Some gyms and lots of “high ropes course”/summer camps/etc use semistatics for top ropes. As long as there isn’t an insane amount of slack in the system it’s not a safety concern on top rope— the FF0.3 impact force petzl tested would be difficult to achieve without decking.

ETA: It’s much less work to give a birthday belay with a semistatic, so if most of your clients aren’t regular climbers it makes sense, if everyone belaying is closely monitored/not a hooligan.

The only scenario where impact forces exceed what you’d see in a typical lead fall would be if a belayer just straight up stopped taking in slack when the climber was two thirds of the way up and the climber jumped from the top of the wall.

I have led and fallen on the Petzl semi static ropes many times. Used to avoid rope stretching falls into talus. No top rope load on one could be a problem.

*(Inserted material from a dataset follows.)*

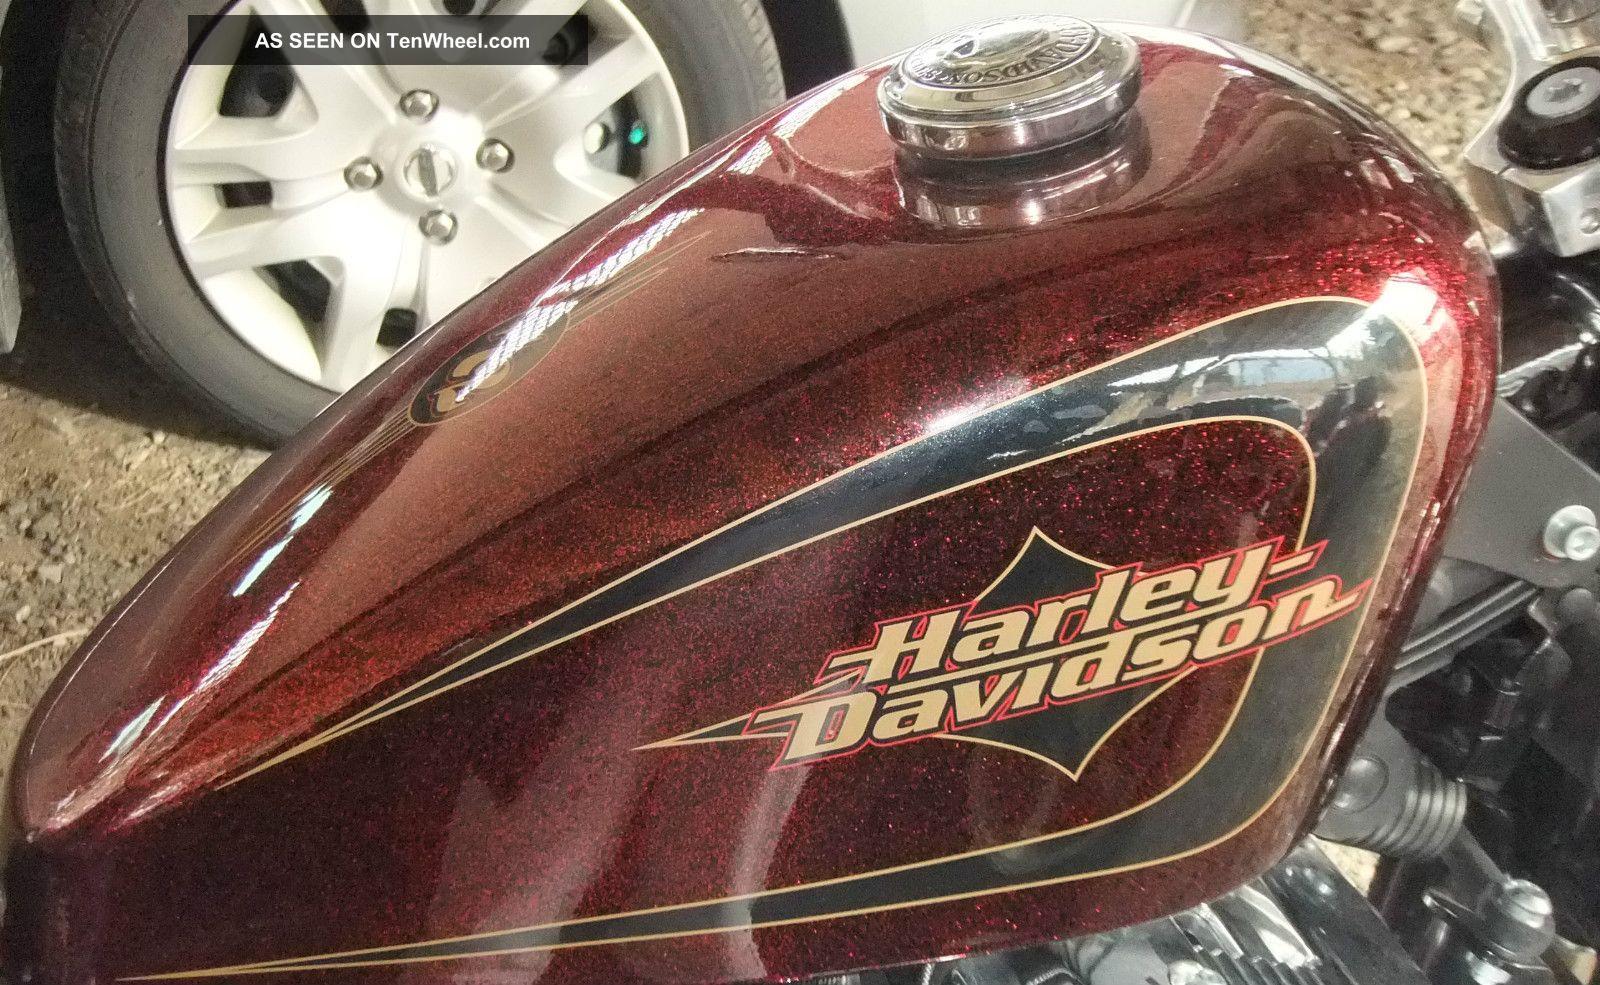 Green Metal Flake Harley Paint Www Picsbud Com

Yeah, I’m not signing up to test it, but my assumption is that even on lead, the belayer getting yanked up into the first bolt absorbs enough energy that a semistatic probably won’t kill ya even if it breaks a couple ribs.

OSHA says a peak force of 8.9Kn for 2ms is acceptable for fall arrest systems, which seems like it would be challenging, even with a semistatic, to achieve in a climbing context without belaying of an anchor.